Relative abundance of fungal genera in each of the Blastomyces M+/C+ BAL specimens, Blastomyces M–/C+ BAL specimens, culture-negative BAL specimens and negative controls. Dendrogram represents UPGMA cluster analysis of Bray–Curtis distances of genus-level summarized OTU abundances.

Taxon diversity with respect to abundance and evenness were lower for Blastomyces M+/C+ samples compared to Blastomyces M−/C+ samples and culture-negative samples as measured by Shannon diversity values based on genus-level summarized OTU abundances. The negative controls exhibited the highest Shannon diversity values, although none of these comparisons were statistically significant (p > 0.05) (Figure 3A). PCoA of Bray–Curtis dissimilarities of genus-level summarized OTU abundances showed a clear difference in community composition, distinguishing the Blastomyces M+/C+ and Blastomyces M−/C+ samples from the culture-negative and negative control samples (Figure 3B). PERMANOVA analysis of genus-level summarized Bray–Curtis dissimilarities confirmed statistically significant differences in the dataset (F = 3.83, R2 = 0.19, p = 0.001). Subsequent pairwise post hoc analysis showed that the Blastomyces M+/C+ samples were statistically different compared to the Blastomyces M−/C+ samples, culture-negative samples, and negative control samples (Bonferroni corrected p = 0.006, 0.042, 0.036, respectively). None of the other pairwise comparisons were statistically significant (Bonferroni corrected p > 0.05) (Supplementary Table 4).

FIGURE 3

Alpha and beta diversity comparison of fungal communities in Blastomyces M+/C+ BAL specimens, Blastomyces M–/C+ BAL specimens, culture-negative BAL specimens and negative controls. Boxplots of (A) Shannon diversity of genus-level OTU abundance data; there is no statistically significant different between Blastomyces M+/C+ samples, Blastomyces M–/C+ samples, culture-negative samples, and negative controls (p > 0.05). (B) PCoA of Bray–Curtis dissimilarities of genus-level summarized OTU abundances. (C) Boxplot of total normalized ITS abundances (arbitrary units a.u.). Total normalized ITS abundances of Blastomyces M+/C+ samples and Blastomyces M–/C+ samples were significantly greater than culture-negative samples and negative controls (∗) (p < 0.05).
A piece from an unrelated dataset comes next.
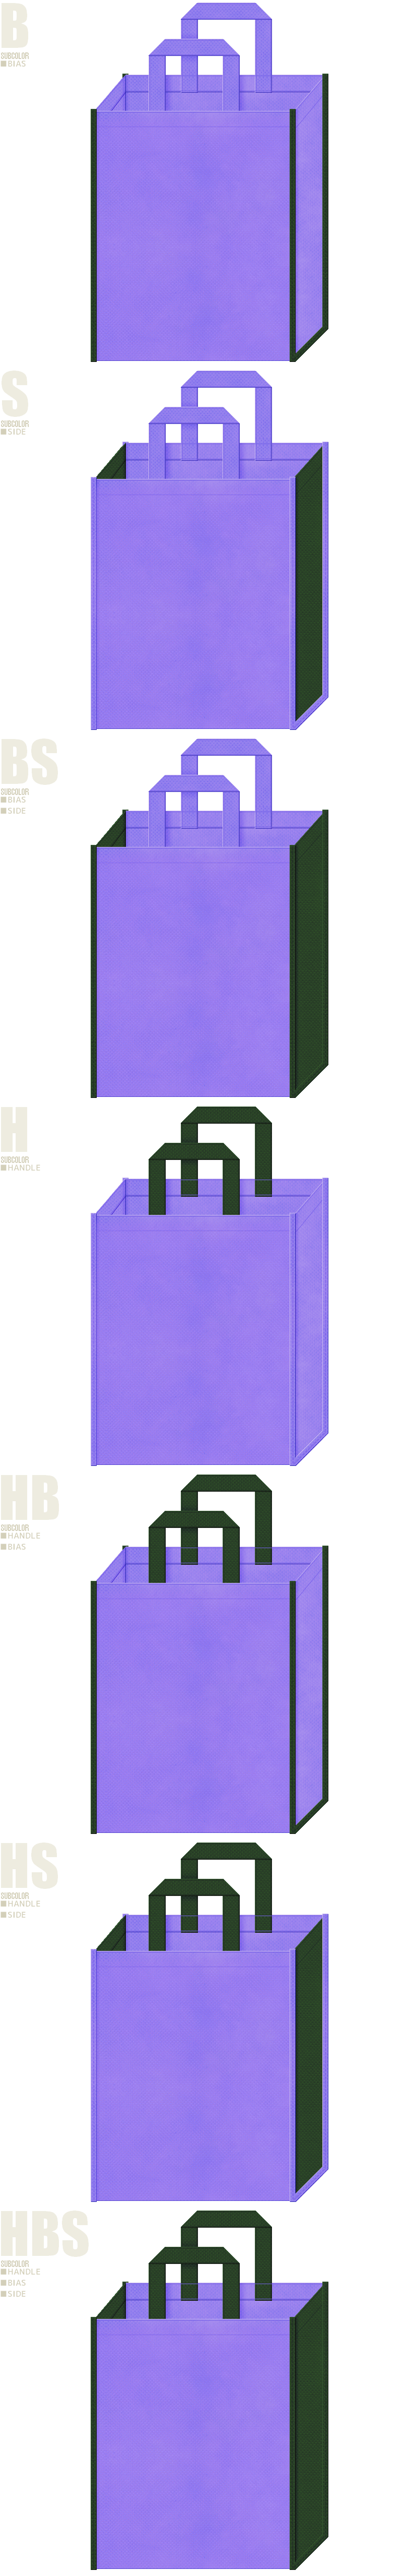 藤・花菖蒲・華道・生け花・邦楽演奏会・和風庭園・和風催事にお奨めの不織布バッグデザイン:薄紫色と濃緑色の配色7パターン

The most apparent difference between the Blastomyces-culture-positive, culture-negative, and negative control samples was the total quantity of ITS1 amplicon generated; PCR products of Blastomyces-culture-positive samples were generated at lower amplification cycle numbers and had higher concentrations than those from culture-negative or negative control samples, reflecting the higher amount of fungal biomass in these samples (Supplementary Table 3). The number of amplification cycles were empirically determined and inversely related to the amount of fungal biomass present in each sample. Therefore using PCR cycle number and PCR product concentration data, as well as the percentage of fungal sequences recovered and the volume of DNA template input into the PCR reaction, an abundance-weighted normalization (Bittinger et al., 2014) was applied to both total and individual taxon relative abundances for each sample (Figure 3C, 4 and Supplementary Table 3). This normalized abundance value was expressed as arbitrary units (a.u.). Total normalized ITS abundance from the Blastomyces M+/C+ and M−/C+ samples were significantly greater than culture-negative (p = 0.0004, 0.0181, respectively) or negative control samples (p = 0.0003, 0.0036, respectively) (Kruskal–Wallis χ2 = 27.557, p < 0.0001 with Tukey-Kramer post hoc pairwise comparisons) (Figure 3C).

FIGURE 4

Normalized abundance of fungal taxa detected by ITS1 mycobiome analysis of BAL specimens and negative controls following ITS abundance normalization. Values are expressed as arbitrary units (a.u.) (A) Normalized abundance of all Blastomyces-culture-positive and culture-negative BAL specimens and negative controls with (B) showing an enlarged graph of samples with a total normalized abundance of ≤10 a.u. ND, data not displayed.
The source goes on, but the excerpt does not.